Just stumbled upon this fascinating story about Takashi Kotegawa (BNF) and honestly, his approach to trading is something every crypto trader should study. Let me break down why this guy's journey matters.



BNF wasn't some Wall Street insider. He was literally a broke college student in Japan who got interested in stock trading after watching market news. Started with nothing, worked side gigs to fund his trading account, and just went all-in on learning. No fancy degree, no connections—just pure discipline and obsession with understanding the market.

Here's where it gets wild. In 2005, there was a massive trading error at Mizuho Securities where someone accidentally sold 610,000 shares of J-Com Holdings at one yen instead of the intended price. BNF spotted this immediately, loaded up on 7,100 shares, and when the price corrected, he walked away with over $17 million from a single trade. That's the kind of opportunity recognition that separates elite traders from everyone else.

But here's what people miss about BNF's story—he also took massive losses. In 2008, he broke his own rules by betting on U.S. bank stocks during the housing crisis, thinking they'd recover. Lost over $10 million. Most traders would've quit. BNF didn't. He learned from it and went back to what he knew.

By staying consistent and disciplined, BNF turned his initial $13,600 into $17 million in two years, then scaled it to $153 million by 2008. That's the power of compounding returns with a solid strategy.

Now, how does this apply to crypto trading? The volatility in crypto is actually similar to what BNF faced in traditional markets. Here are the key lessons I think every trader should grab from his playbook:

First, emotion is your biggest enemy. BNF treated trading like a game—he cared about executing the strategy perfectly, not about winning or losing individual trades. He literally said a $100k loss felt better than a $6k gain if the losing trade was well-executed and the winning trade was sloppy. That mindset is everything in crypto where price swings can trigger panic selling.
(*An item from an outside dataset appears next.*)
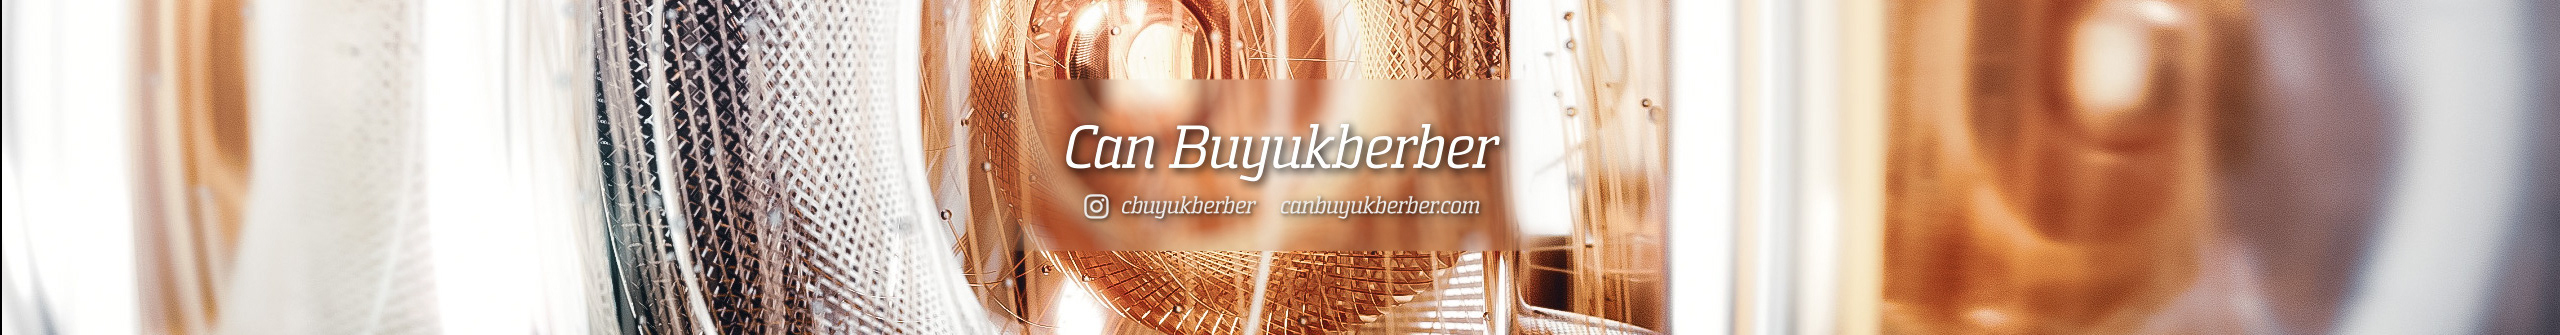 Can Buyukberber's profile banner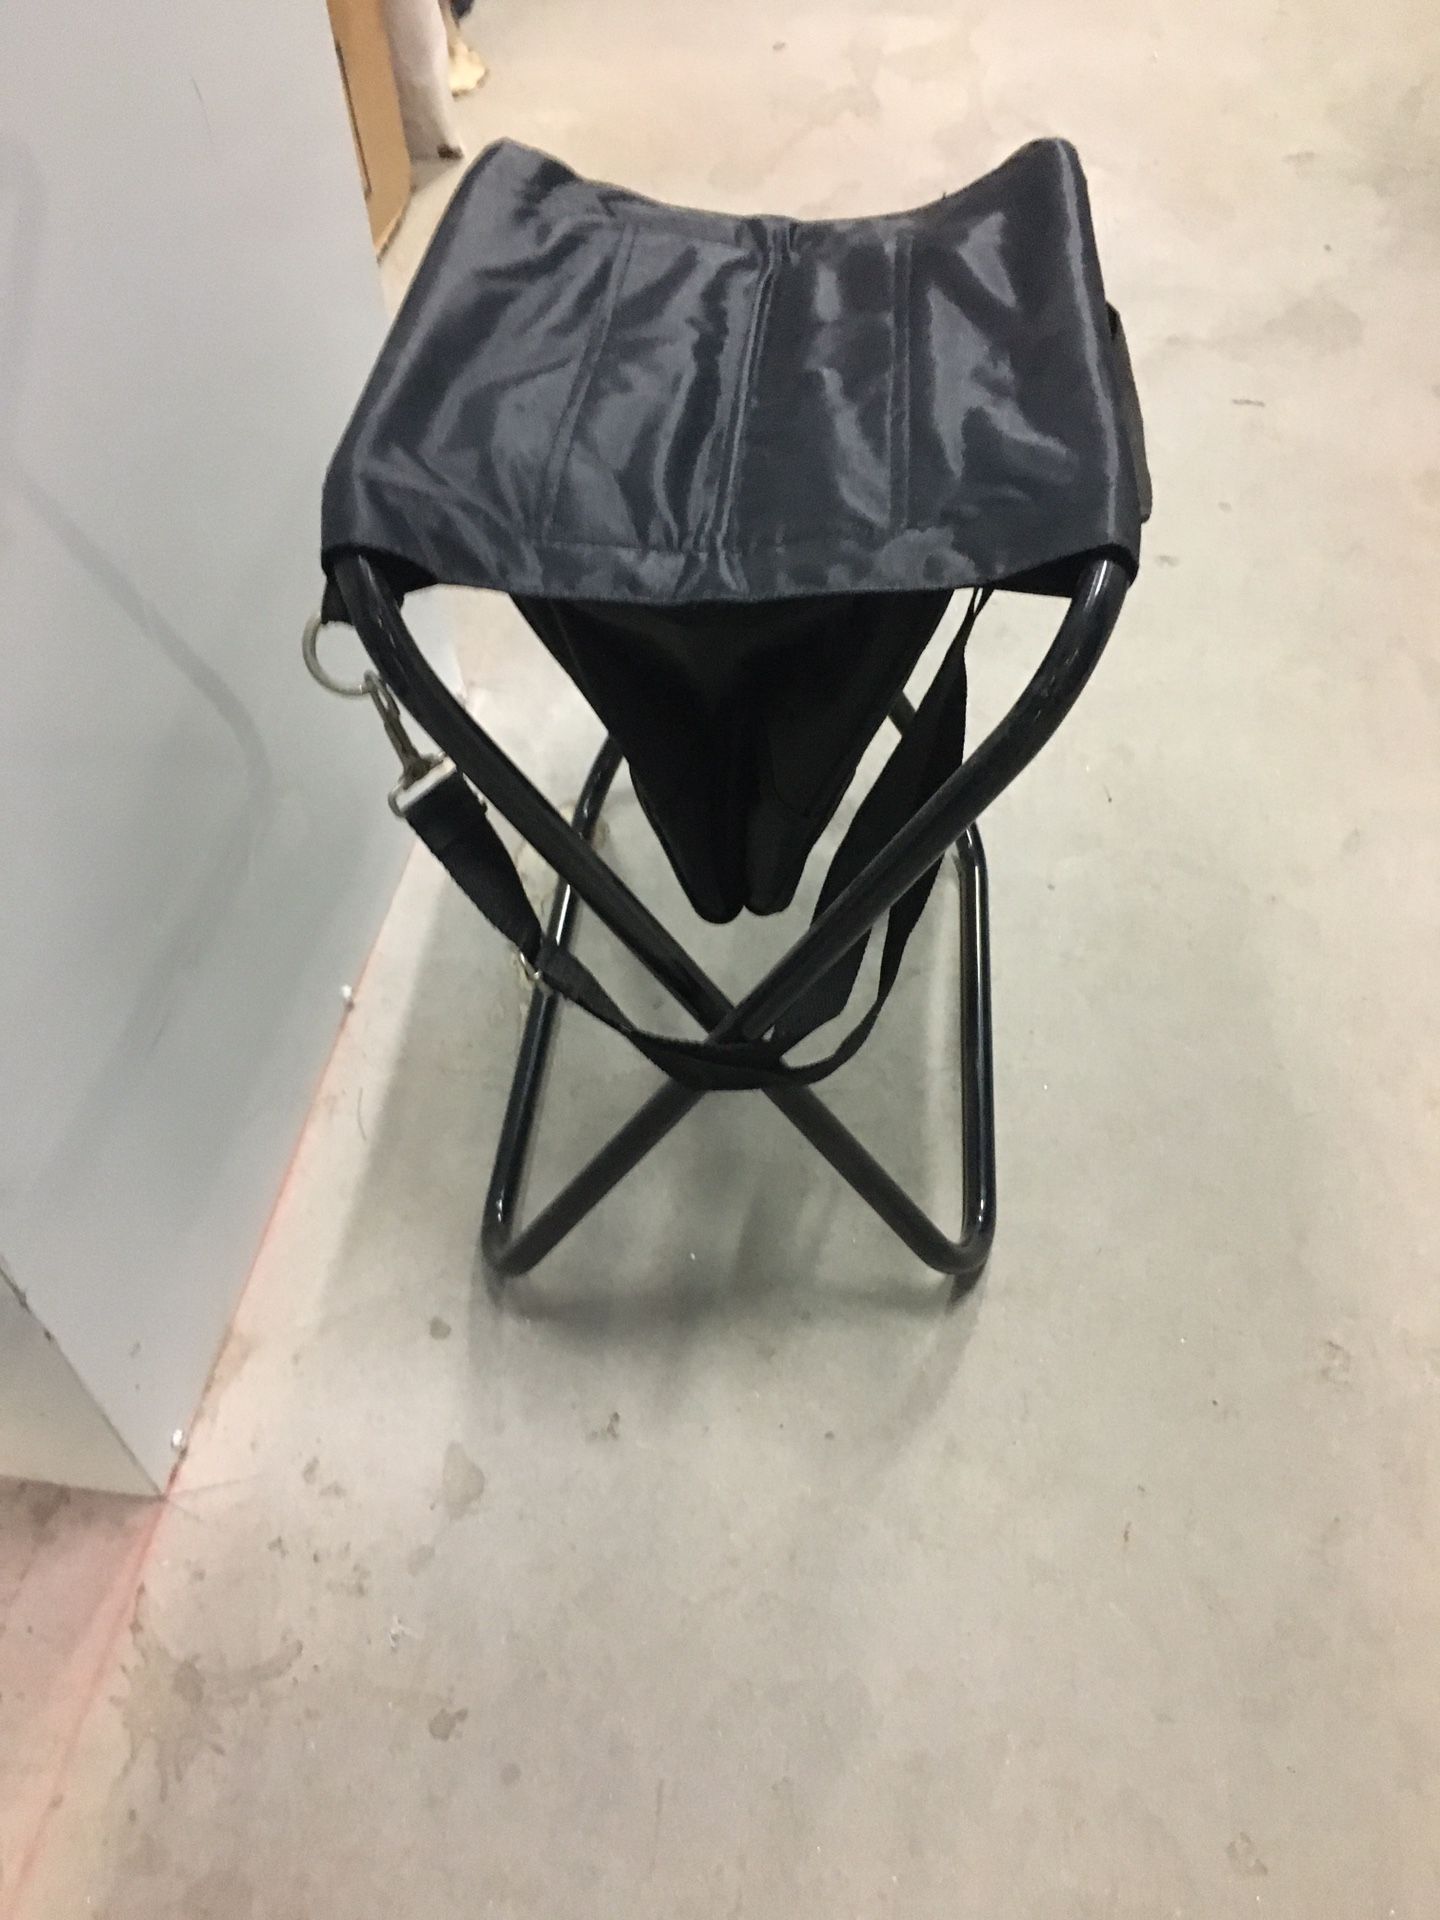 Folding Sporting/Fishing stool with storage bag.

Second, stick to your system. BNF had rules and he followed them religiously. When he broke those rules in 2008, it cost him. The traders who survive crypto cycles are the ones with a plan and the discipline to execute it.

Third, know your edge. BNF focused on markets he deeply understood. He didn't chase everything. In crypto, this means picking your coins, your timeframes, your strategies—and mastering them instead of chasing every hype cycle.

The bigger lesson here is that wealth building in trading is about consistency, not luck. BNF got lucky with the J-Com trade, sure, but that was maybe 5% of his success. The other 95% was discipline, learning from losses, and staying calm when everyone else panics.

If you're serious about crypto trading, study how elite traders like BNF operate. It's not about predicting the market—it's about having a solid process and the mental toughness to stick with it. That's how fortunes get built.